» Problem statement
Only an exact copy of the lines from the one containing "Сozy minimalism - Галерея 3ddd.ru" through the last line of the material below belongs in the answer, with no pictures.

» Data excerpt
==*==
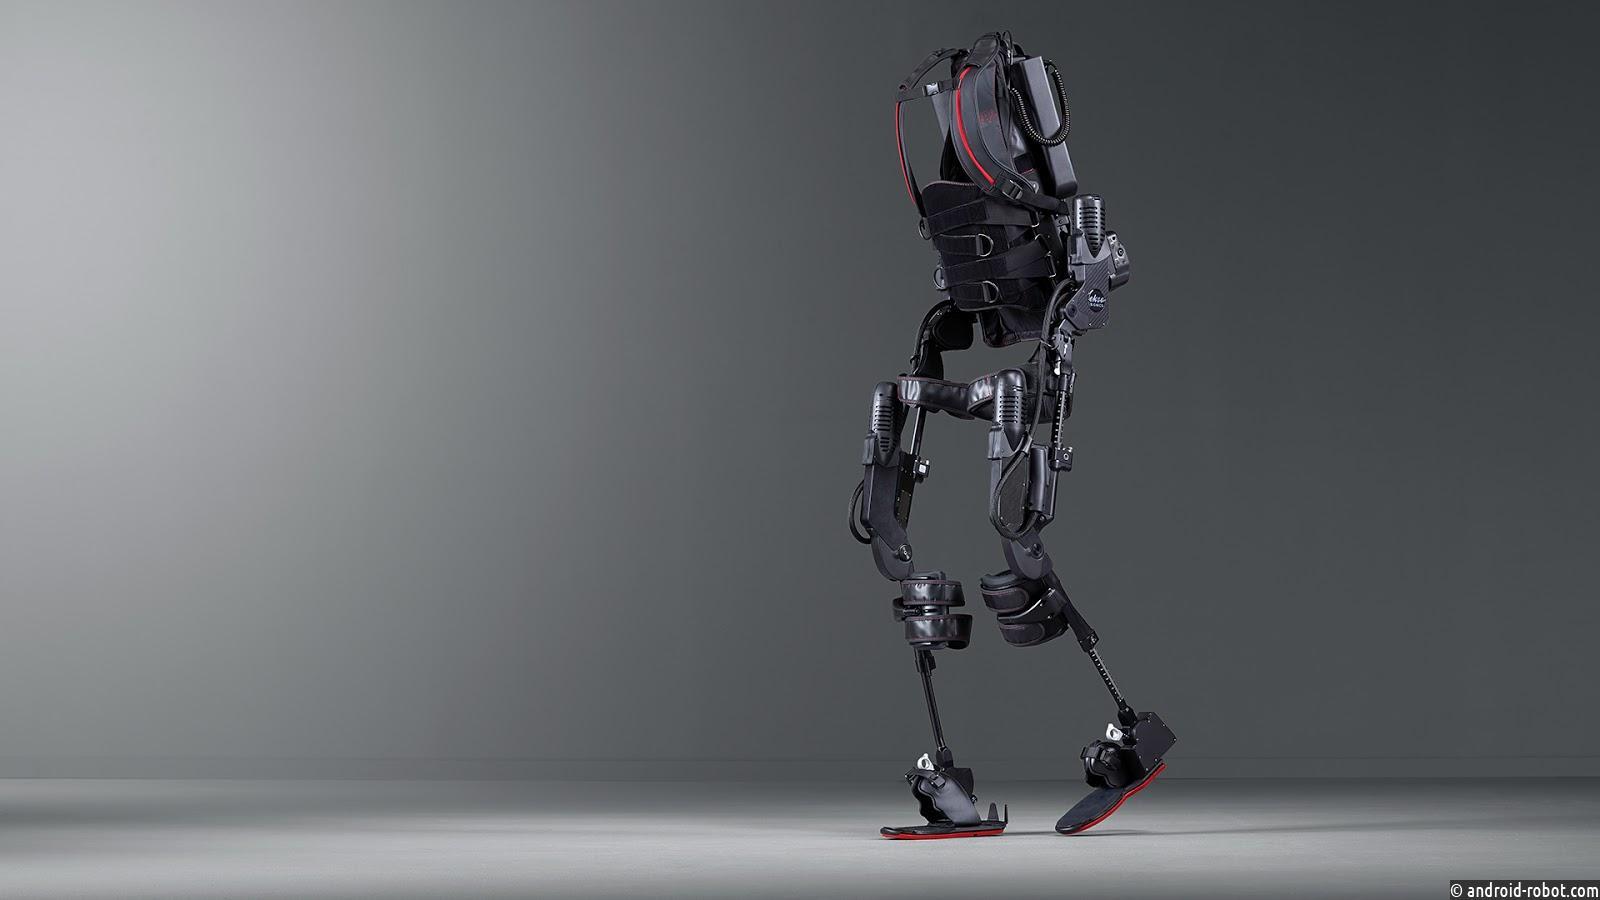 Робот-экзоскелет Cray + будет помогать команде спасателей
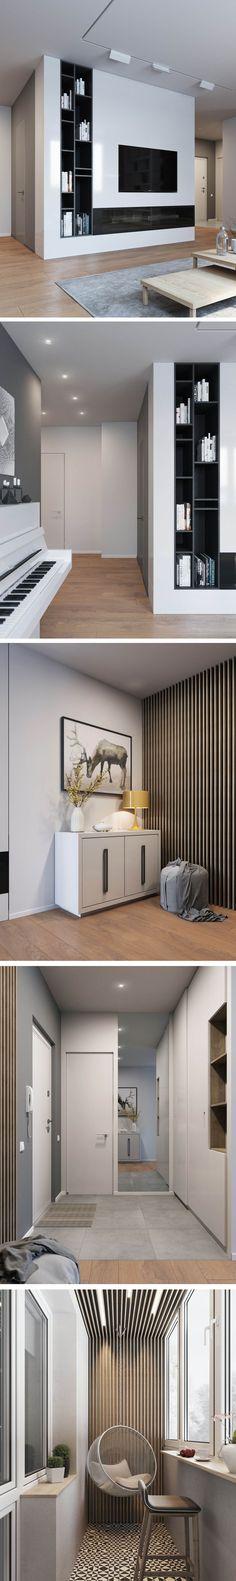 Сozy minimalism - Галерея 3ddd.ru
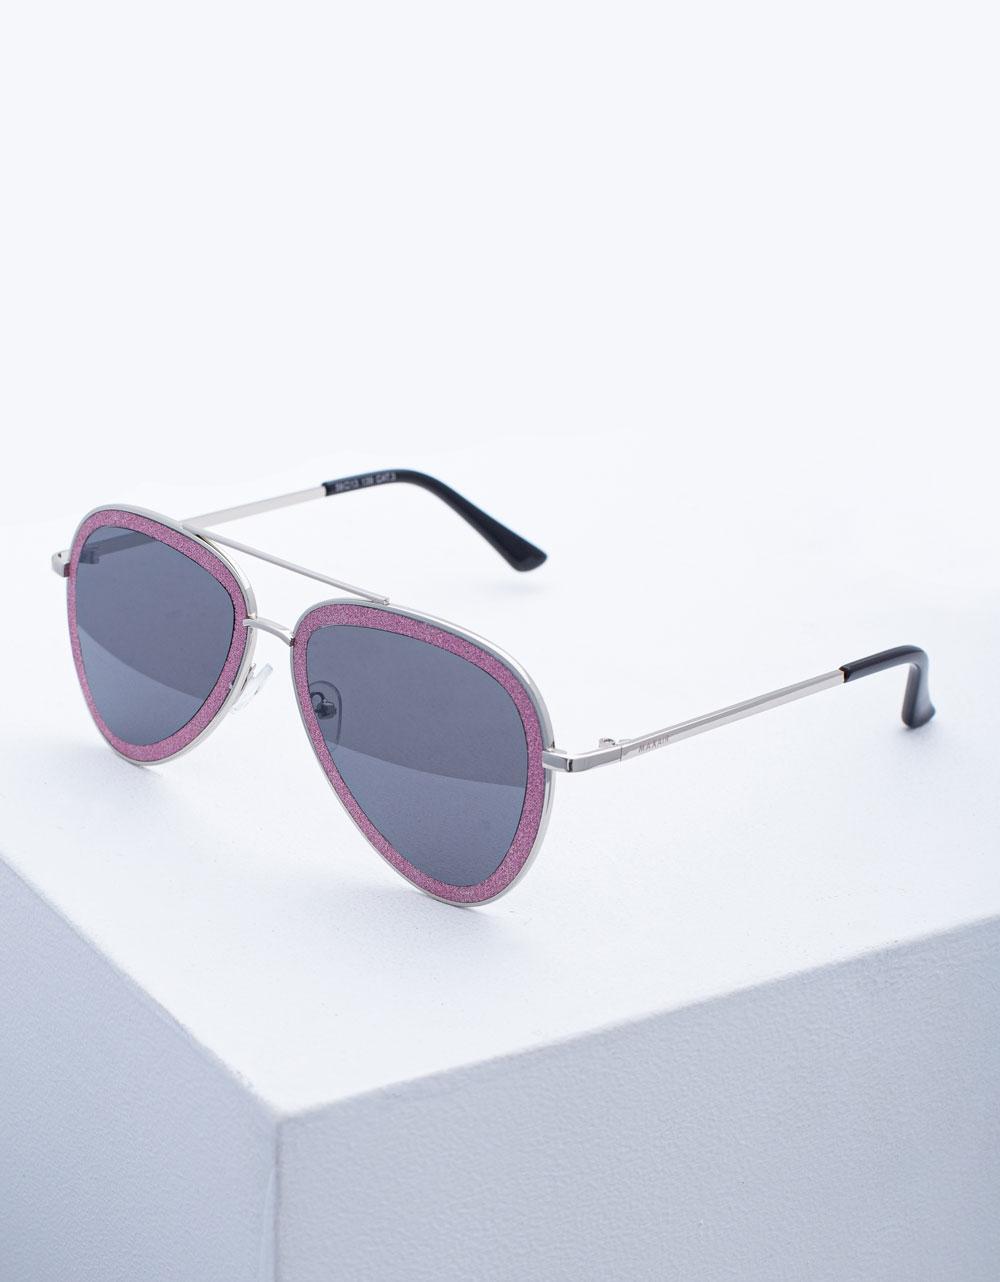 Εικόνα από Γυναικεία γυαλιά ηλίου με λεπτό σκελετό Ροζ
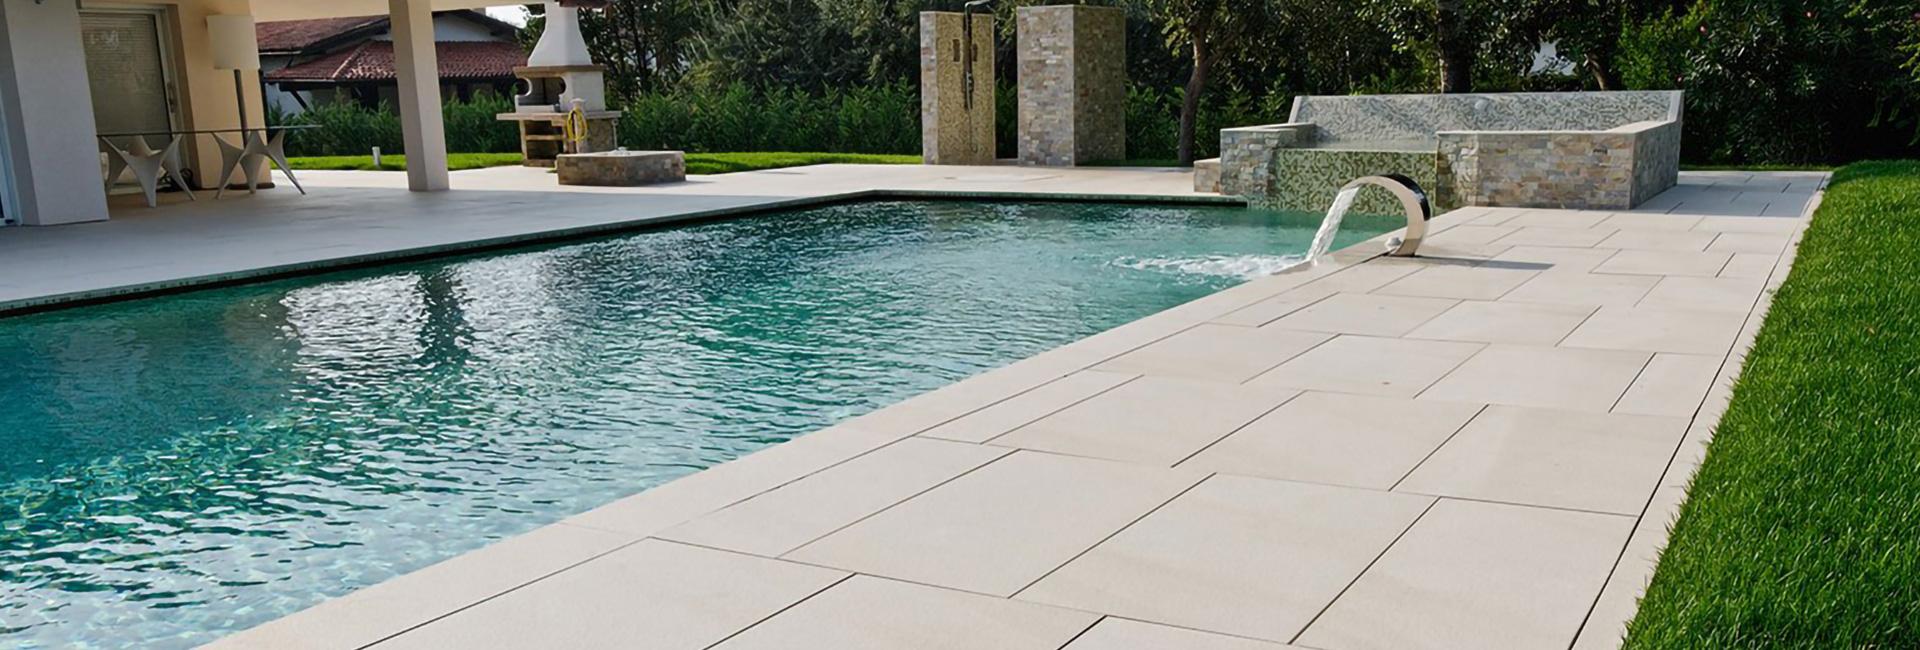 Pavimenti Per Terrazzi Esterni piastrelle per esterni - bema desio
==*==
» Expected output
 Сozy minimalism - Галерея 3ddd.ru
 Εικόνα από Γυναικεία γυαλιά ηλίου με λεπτό σκελετό Ροζ
 Pavimenti Per Terrazzi Esterni piastrelle per esterni - bema desio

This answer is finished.